When just two heavenly bodies appear to pull close together in the sky, it's called a conjunction. When a whole gaggle of planets manage the trick, that's planetary alignment — informally known as a planet parade.
This winter's parade is going to be a doozy, said Jim Todd, the director of space science education at the Oregon Museum of Science and Industry. Sharing the evening sky this winter will be six planets. Not all of these cosmically distant bodies can be seen without binoculars, if not a telescope, but some can.
Start by scanning the southern sky right after sunset (at 5:02 p.m. Jan. 21), which is when planets already in the sky — but hidden by sunlight — will start to emerge.
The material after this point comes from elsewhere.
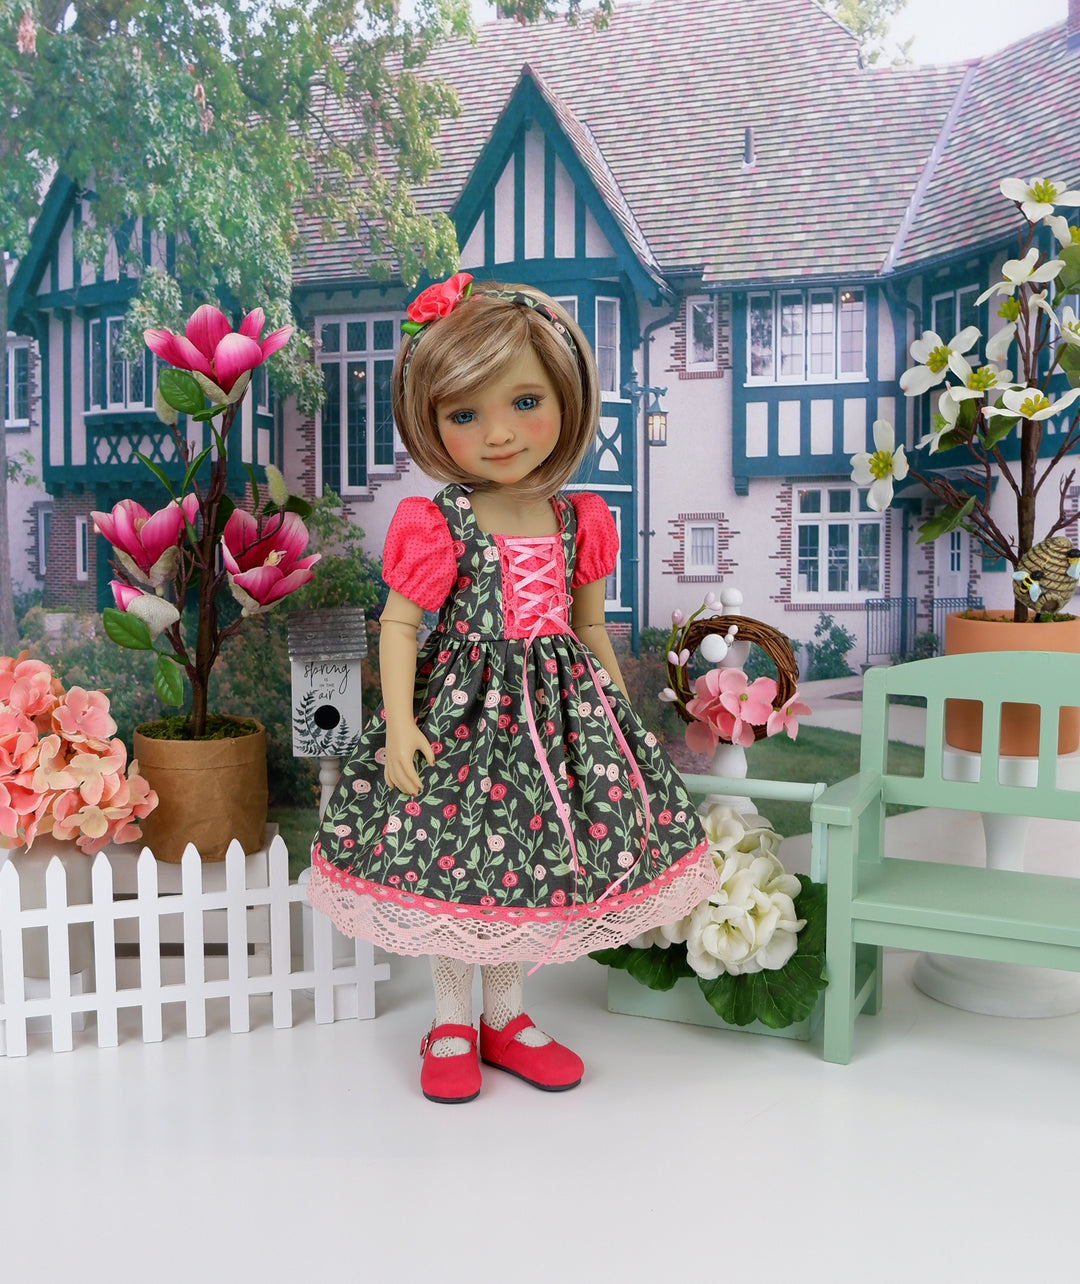 Bavarian Poppies - dress ensemble with shoes for Ruby Red Fashion Friends doll
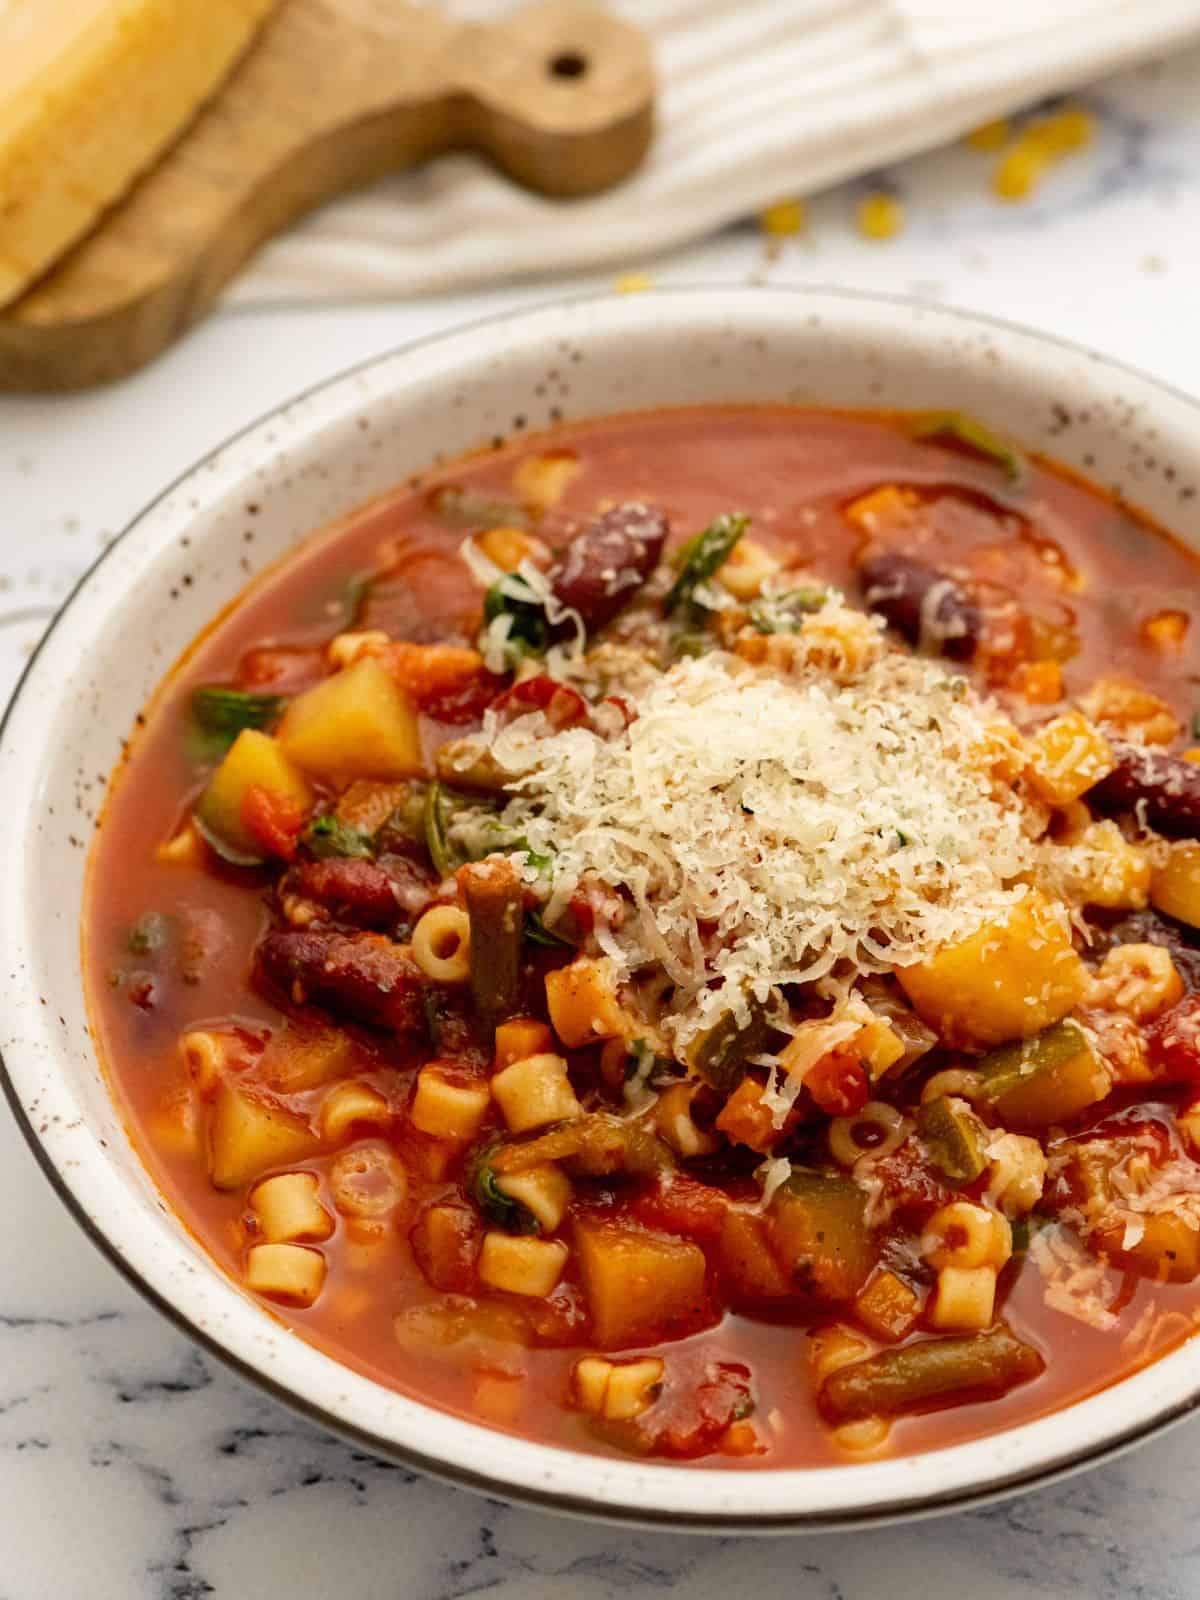 Bowl of slow cooker minestrone topped with parmesan cheese.

Leading the way in the southwest will be brilliant Venus. Venus never appears very far from the sun, whether rising or setting, since it is closer to the sun than we are. (Earth's average distance from the sun is 91 million miles; Venus' average distance is 67 million miles.) Because of that proximity, and because it's thickly blanketed by reflective cloud cover, Venus tends to be the most attention-grabbing planet up there. That's why it's nicknamed both "morning star" and "evening star."